## [Goal of the exercise]
Each line of the data must be written out again verbatim; no image belongs in the copy.

## [Collected data]
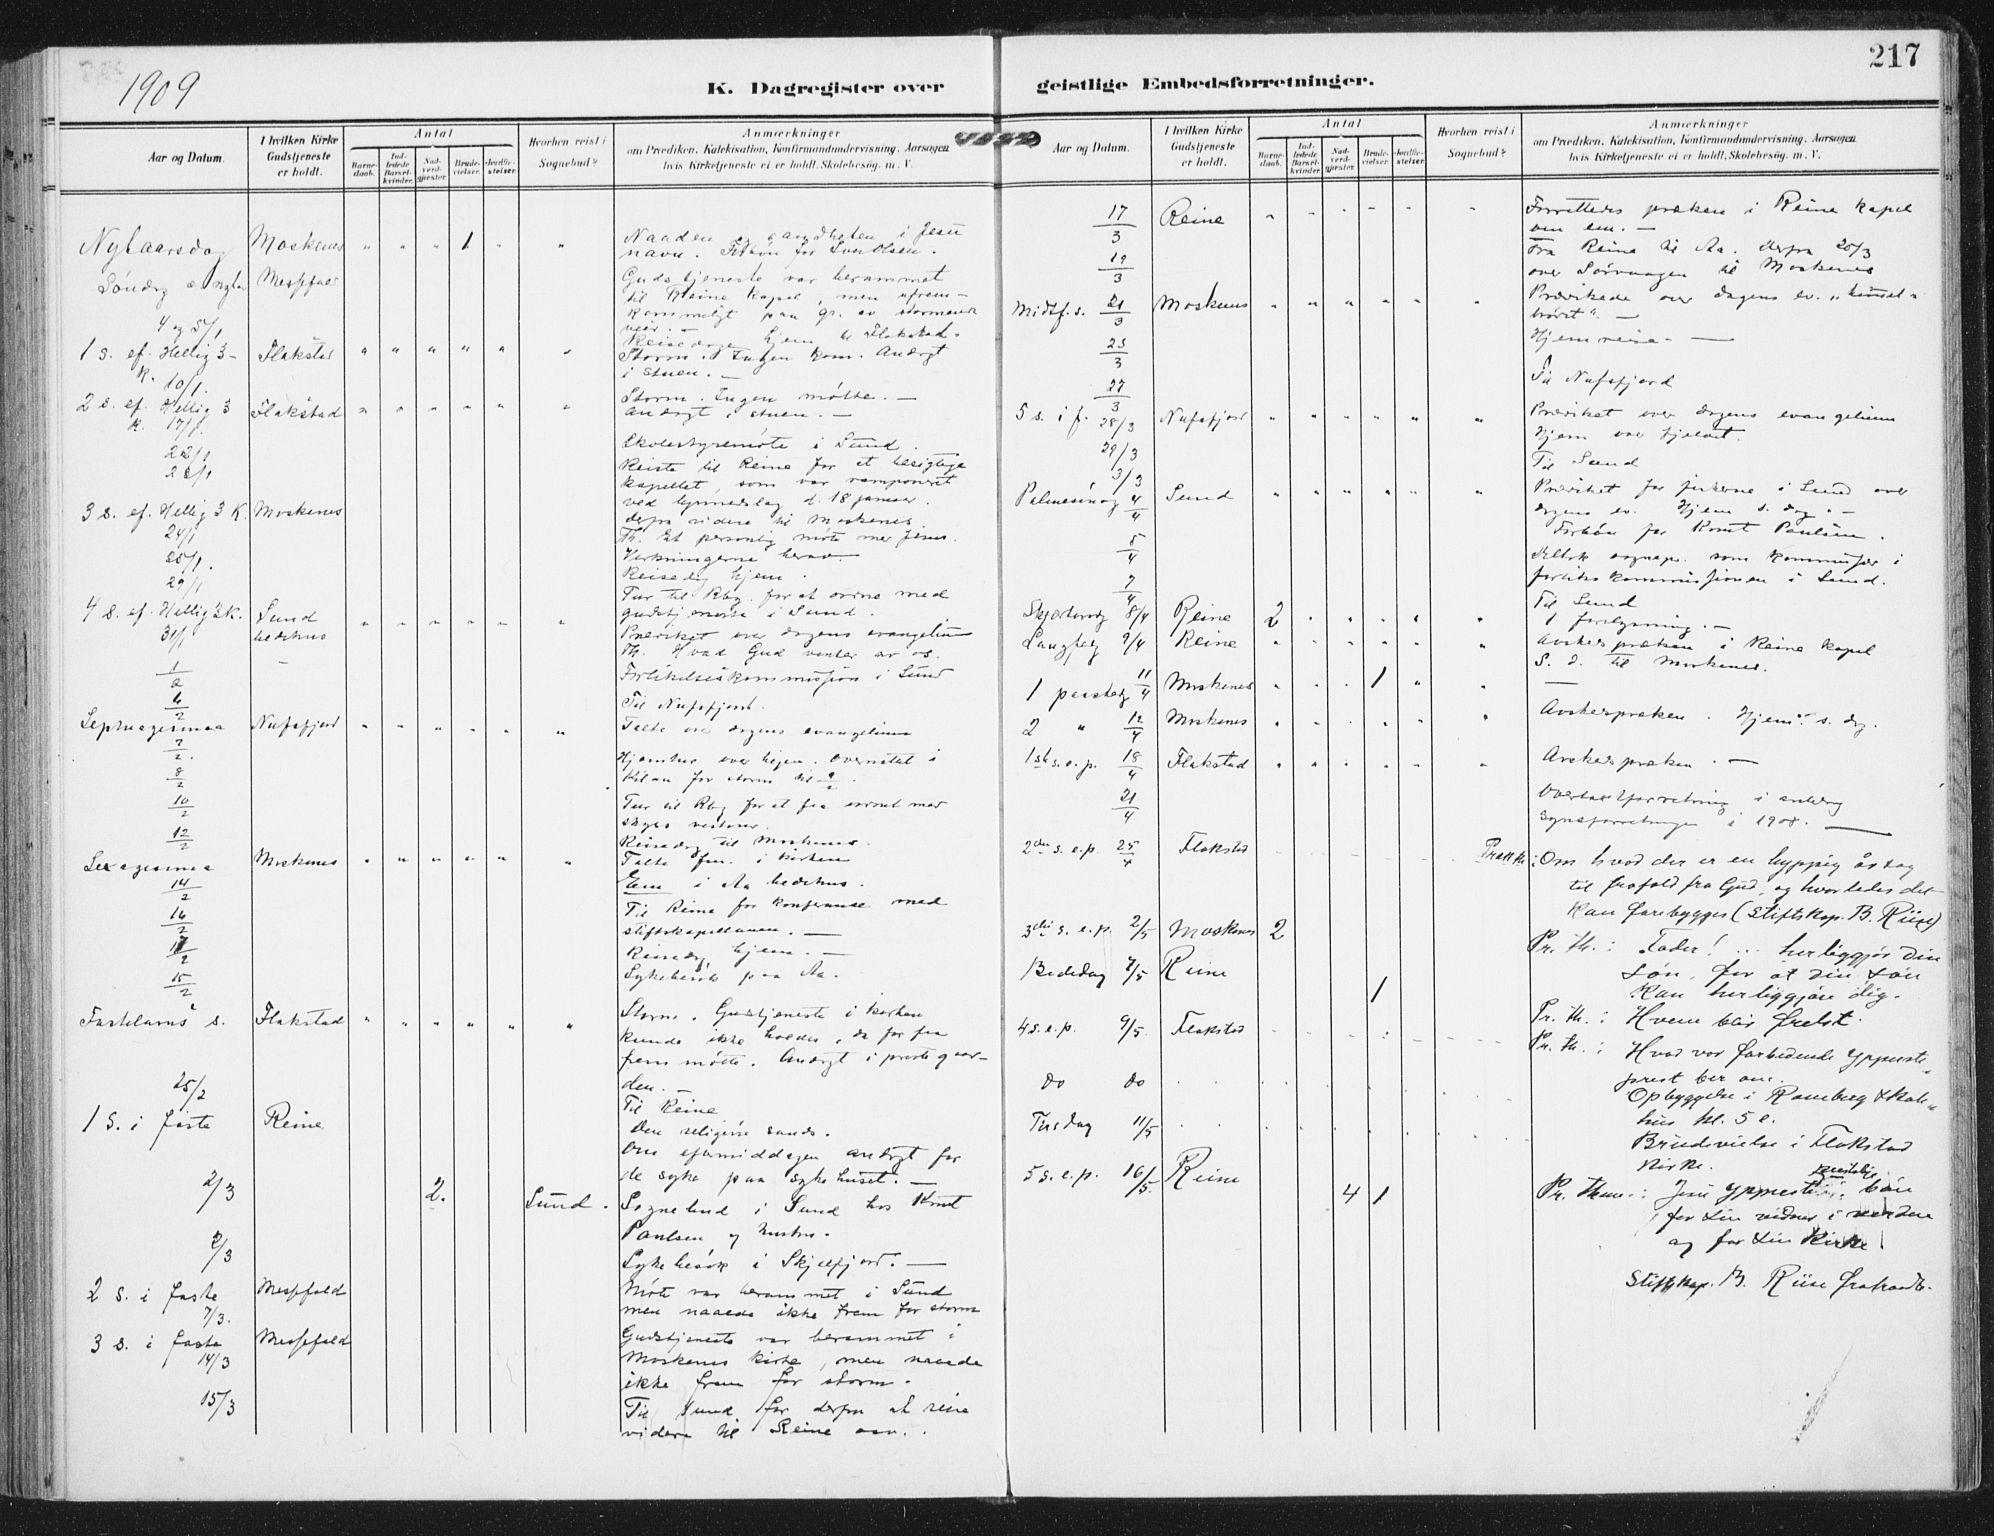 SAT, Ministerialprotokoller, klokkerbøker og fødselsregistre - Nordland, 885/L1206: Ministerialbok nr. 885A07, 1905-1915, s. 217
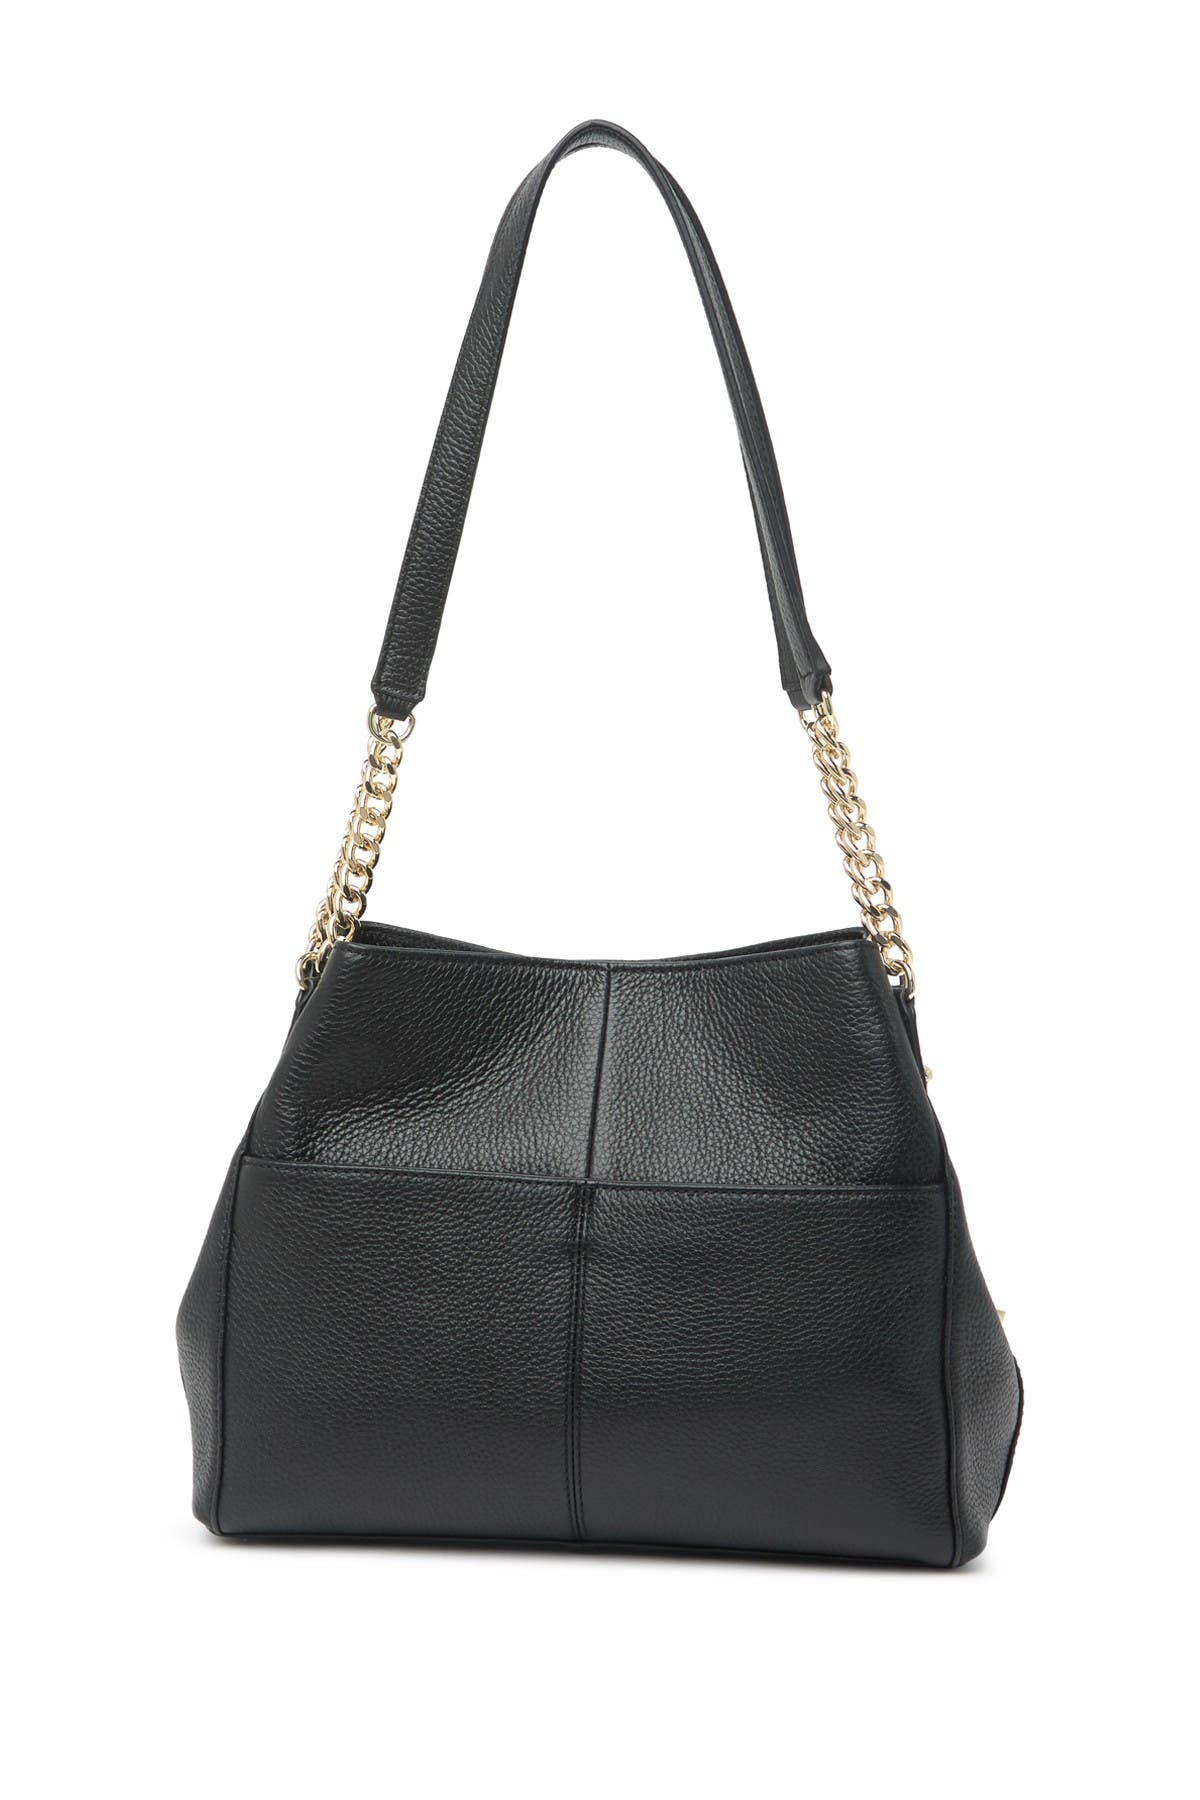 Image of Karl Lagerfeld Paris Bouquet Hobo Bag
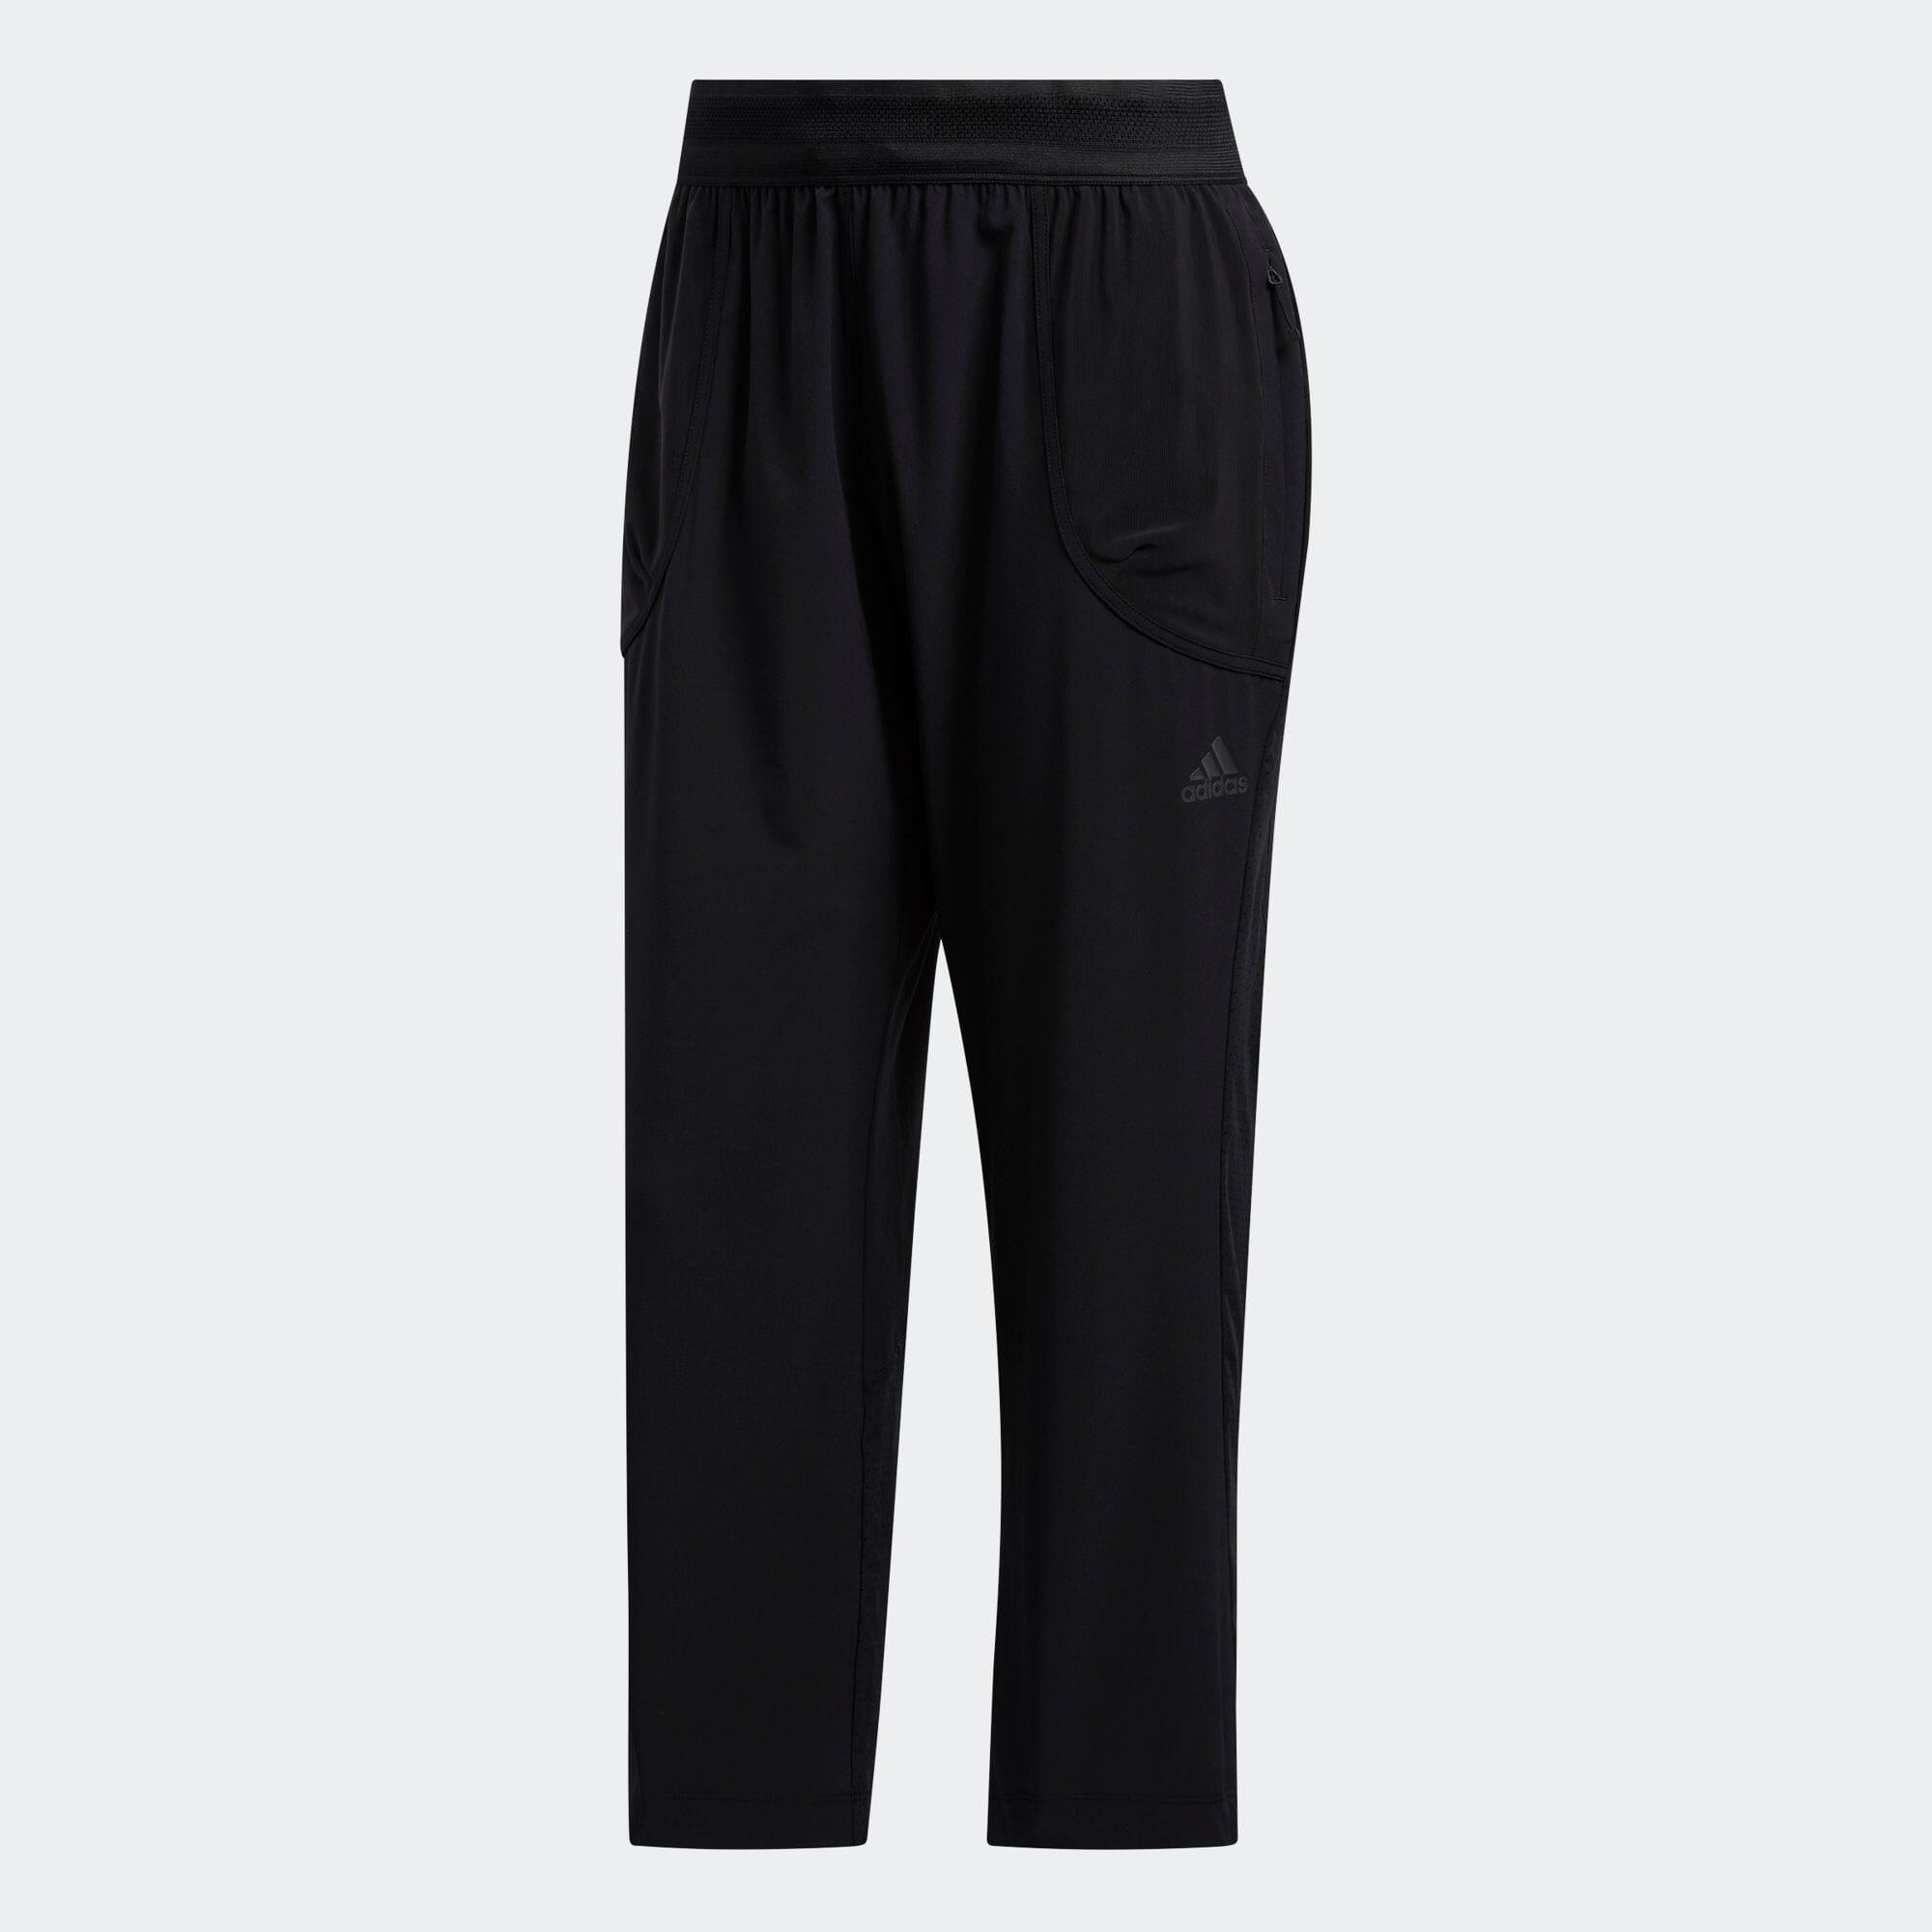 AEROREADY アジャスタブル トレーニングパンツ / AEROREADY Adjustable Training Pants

## [Result below]
 SAT, Ministerialprotokoller, klokkerbøker og fødselsregistre - Nordland, 885/L1206: Ministerialbok nr. 885A07, 1905-1915, s. 217
 Image of Karl Lagerfeld Paris Bouquet Hobo Bag
 AEROREADY アジャスタブル トレーニングパンツ / AEROREADY Adjustable Training Pants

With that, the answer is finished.